The skinny on startup accelerators

The skinny on startup accelerators
RDV sketch

Speakers looking pensive, only mildly upstaged by Brent Grinna’s pants

If you have a startup that’s launched but needs to grow, how do you choose, apply to, and make the most of a tech accelerator experience? Monday’s Rough Draft Ventures Sketch brought together four accelerator alumni and professionals to demystify the accelerator process — the pain and the perks.

Several themes emerged:

  • Accelerators are competitive, and can afford to be choosy. Have your startup pitch down cold. Make your one-minute video clear and focused on business value.

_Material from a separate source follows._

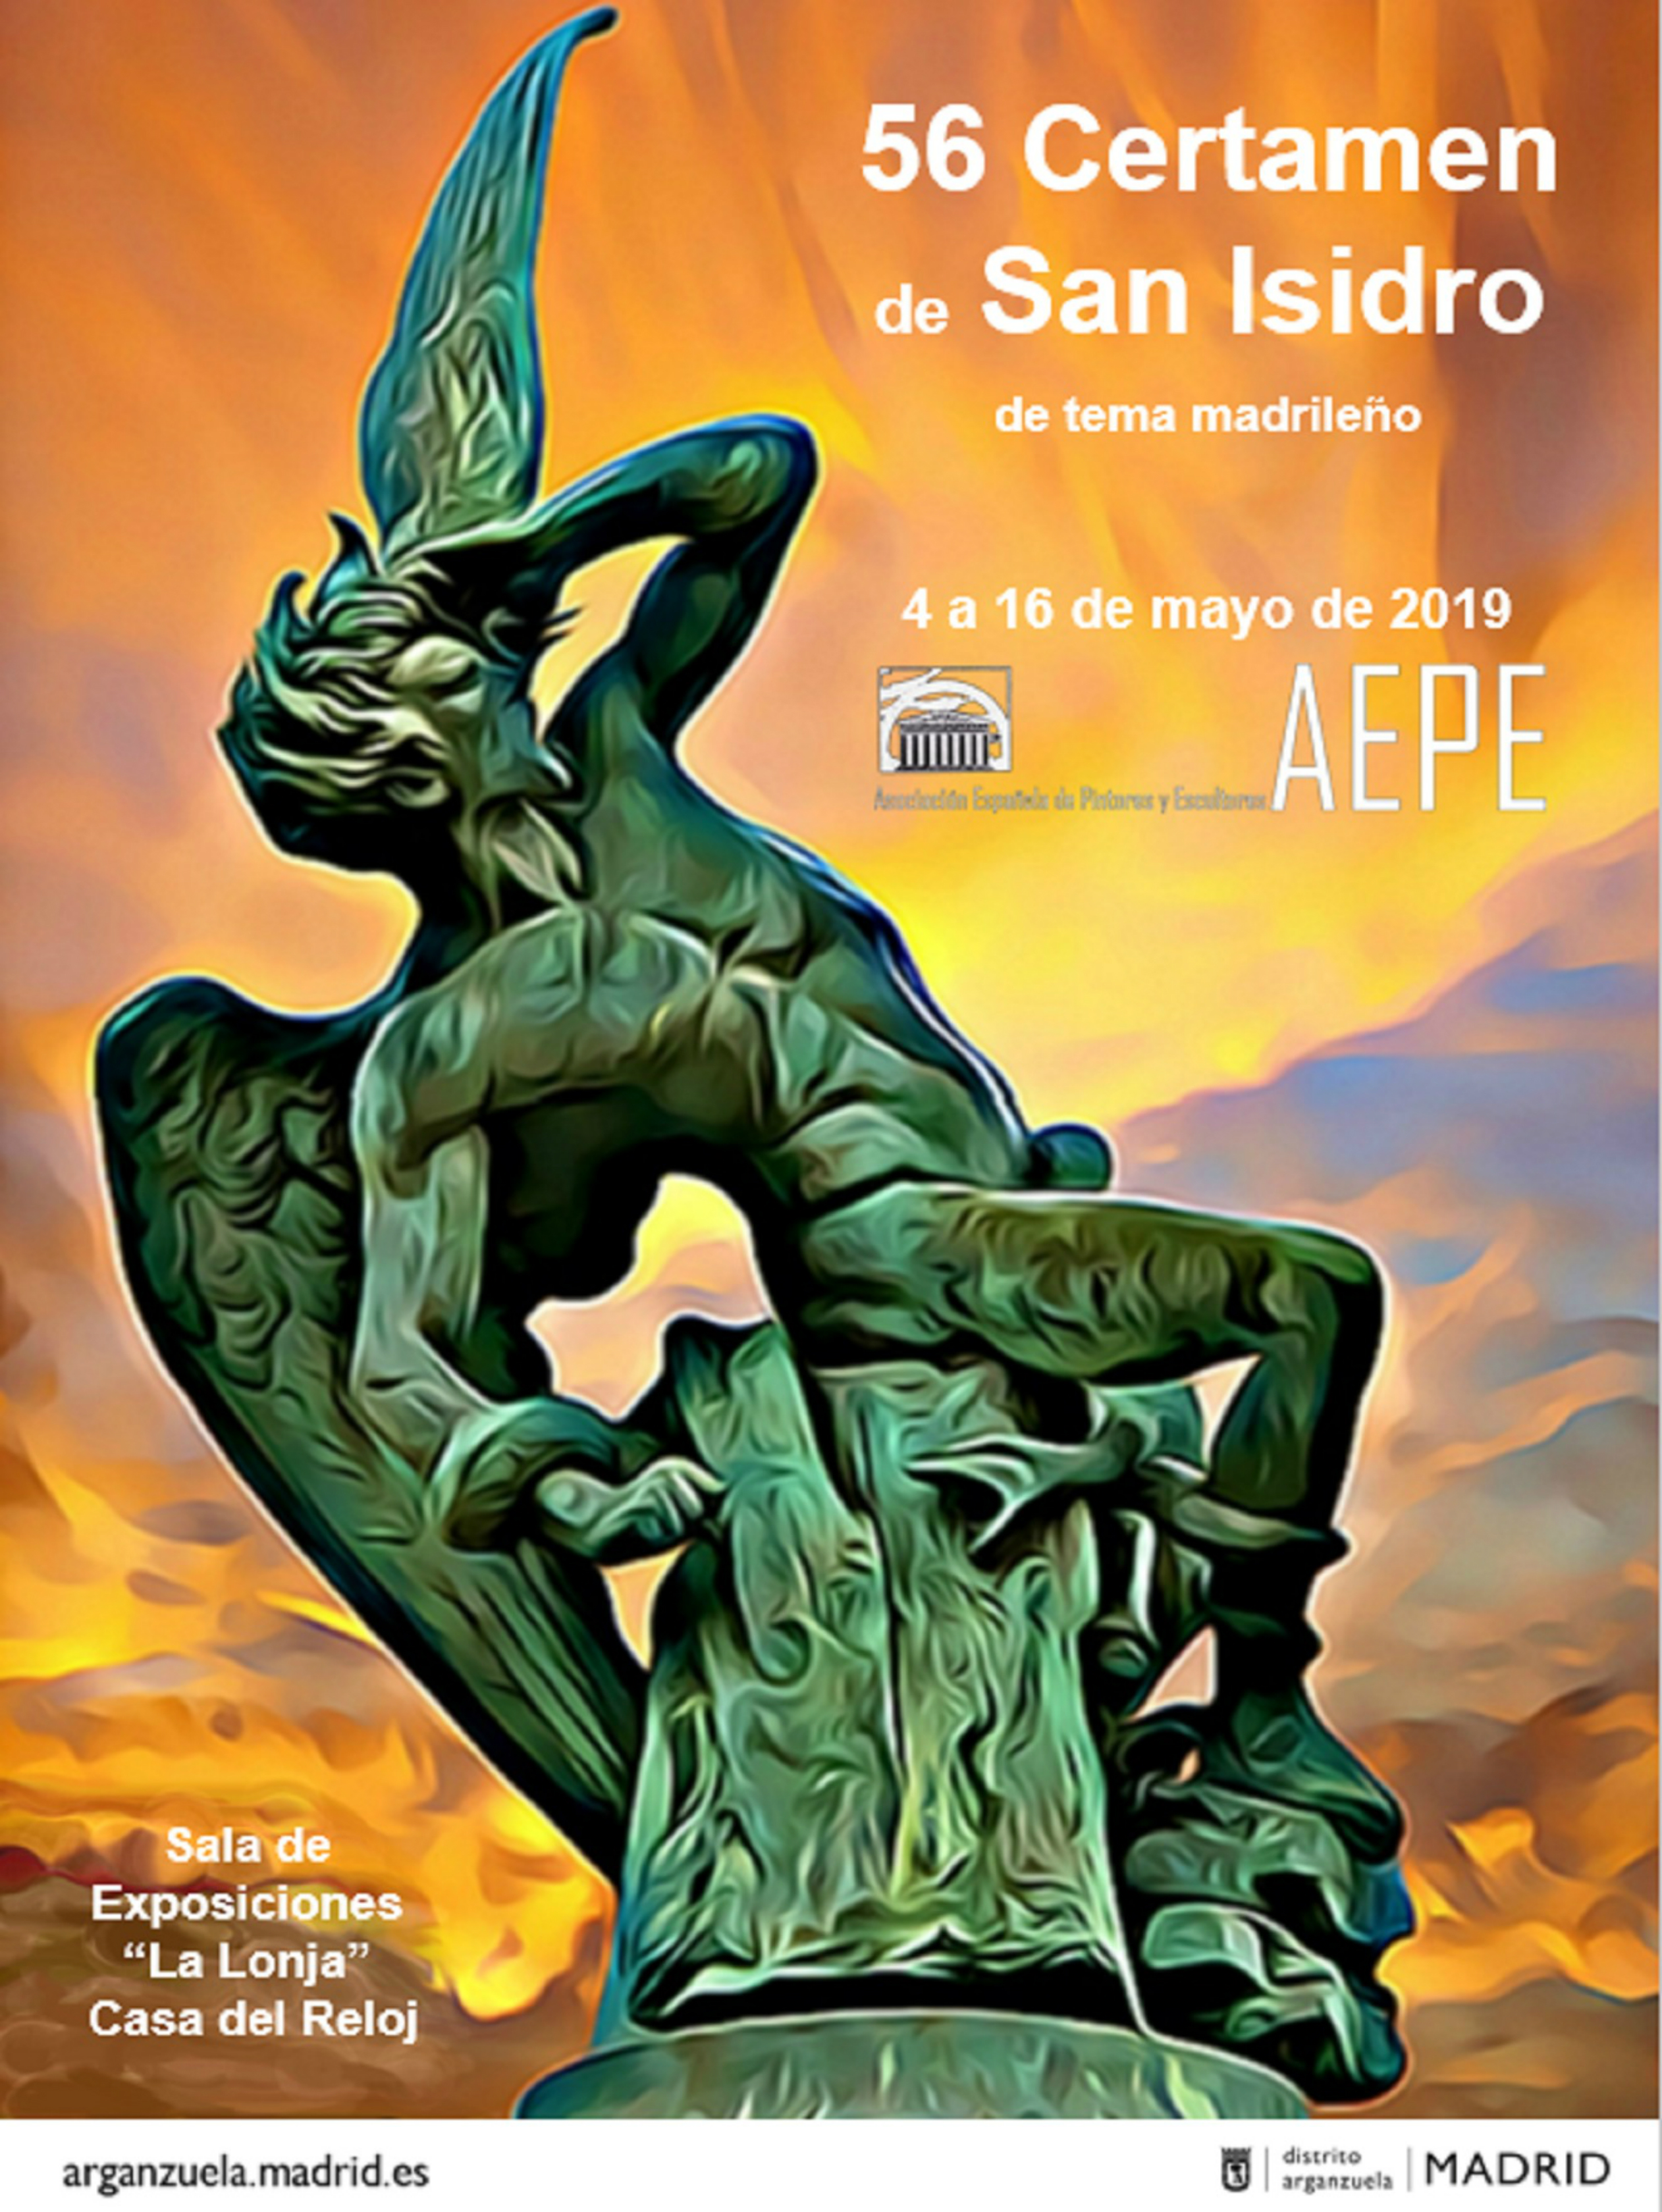 Certamen San Isidro, 2019 - Asociación Española Pintores y Escultores

Know who your CEO is, and how decisions will be made.
  • Accelerators can unlock a broad network, so if you’re lucky enough to be accepted, make the most of the resources made available to you.
  • Every member of the founding team should show they are actively learning. Share new ideas and lessons learned — even when those lessons are “we chose the wrong direction, and here’s why.”
  • Speaking of the founding team, having a strong technical co-founder matters. A lot.
  • Be serious about your startup. Applicants who are merely in love with the glamorous idea of start-up life will swiftly be weeded out via a five-year grueling process of starting a business.
  • Don’t rule out incubators. While they don’t offer investment, they provide space, enable connections to business services, and valuable introductions to mentors. And you don’t give up 6%.
  • Women apply at much lower rates than men — for example, given odds that only 20% of applicants are accepted, many women will choose not to apply. In contrast, men will apply even when their likelihood of success is roughly a snowball’s change in hell. There’s an opportunity for women to step up and stand out in the accelerator applicant pool.

Thanks to Natalie Bartlett who ran the show for Rough Draft Ventures, and to speakers Brent Grinna, Merrill Lutsky, Karen Murphy, and Katie Rae for sharing insights and ideas — and staying late to connect with the students.